Detailed programme, abstracts and presentations

P5.1. Improving and promoting psychosocial care for persons with dementia

Vernooij-Dassen Myrra

INTERDEM is dedicated to improving psychosocial care for persons with dementia, through applied practice-based research and innovation. Both the development and evaluation of psychosocial intervention and the organisation of care are important topics. New innovative psychosocial interventions build on knowledge gained in the field, meaning that care should be person centred, fashioned to the needs and preferences people and carers and provided in a timely manner to support their negotiation through the transitions associated with living with a dementia.

Innovative topics are addressed such as improving the availability and practice of psychosocial intervention in Memory Clinics - now found all over Europe, although national and local circumstances can make delivery difficult. Promoting psychosocial care requires special efforts. It can be done by a specific Dementia Service Centre or well established facilities such as Memory Clinics. A comparison between Italy and England by INTERDEM and the motivation to make available evidence-based psychosocial interventions ‘for all’ as outlined in the Dementia Service Centre (DSC) approach in Austria, reflects the diversity of European healthcare systems and cultures, but highlights common ground in a shared mission to enhance practice, policy and quality of life of people with dementia and their supporters. Moreover, the DSC approach represents an effort to develop services together with persons with dementia and their families.

We constantly try to improve approaches for major dementia problems such as the management of challenging behaviour.  A study in seven NHS centres across England, to detect needs in people and families living at home in order provide specialised intervention by trained therapists, will be presented.  Historically efforts to intervene with challenging behaviour have been undertaken in the care home setting. The German study goes a step towards real life practice by adapting and testing Dementia Care Mapping – a promising existing intervention of international interest due to is association with the birth of person centred care in the UK, into its local context. The symposium will close with what is now a pressing concern for INTERDEM – the issue of preventing social exclusion and promoting valued social activities and relationships in dementia care. The WHELD presentation will outline how it has begun to address this with a systematic trial in care homes in England.

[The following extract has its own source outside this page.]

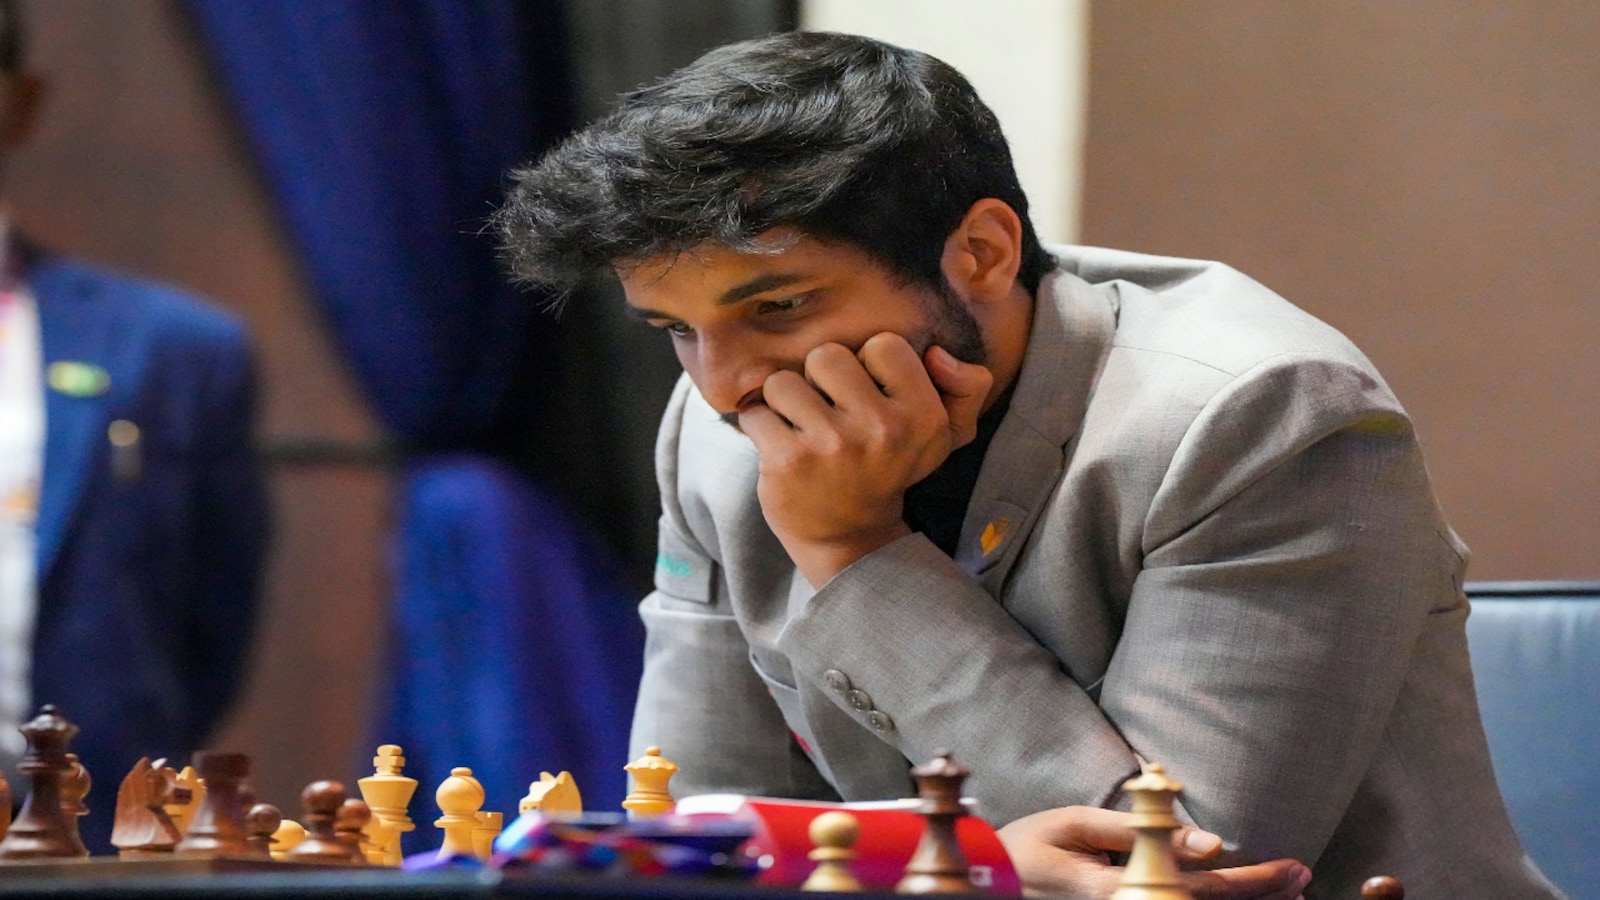 Tata Steel Masters (2023) chess event

P5.2. Psychosocial approaches and memory clinics: from knowledge to practice. A comparison between Italy and UK

Chattat Rabih, Moniz-Cook Esme, Fabbo Andrea, Carafelli Antonella, Doncaster Emily, Orrell Martin, Watts Sue

Background: Memory Clinics in dementia care have become an international innovation for improving the quality of care. Psychosocial Interventions (PSI) have a developing evidence base but less is known about how such services provide psychosocial therapies. The aim of this survey was to explore the availability of evidence-based psychosocial interventions within a quality improvement program at the Royal College of Psychiatry’s Memory Services National Accreditation Program (MSNAP) in England and regionally-led memory services in Emilia-Romagna, Italy

Methods: PSI standards developed through review of the evidence base, a standard ‘development workshop’, email consultation and expert consensus was established in England and an equivalent Italian version was created. The survey was distributed by email to all MSNAP members and online in Italy. For each intervention, participants were asked to indicate if it was ‘provided by the memory clinic team or by other services/organisations’ or if it was ‘not currently available’. Participants were also asked to report the typical ‘dosage’.

Results: In England the survey was distributed to all 49 MSNAP members within NHS mental health services with a 41% response rate (n=20). In Italy all 53Centers for Cognitive Disorders in the Emilia Romagna were invited to complete the online survey, with a 55% response rate (n= 29). These centers are allocated within local health agencies and funded by the NHS. The majority of the clinics in both countries provided assessment and diagnosis, including discussion around driving issues and pre and post-diagnostic support. Interventions for cognitive problems were commonly available, although in Italy this was contracted to other provider organisations and the content and range of types of interventions varied widely. This trend was also seen for interventions for emotional support; a better balance across countries was seen in provision of occupational and functional interventions within memory services. All services offered information and support but the content of this and associated ‘dosage’ varied. There was a marked difference across Italy and England in interventions to promote continuity of care and care management.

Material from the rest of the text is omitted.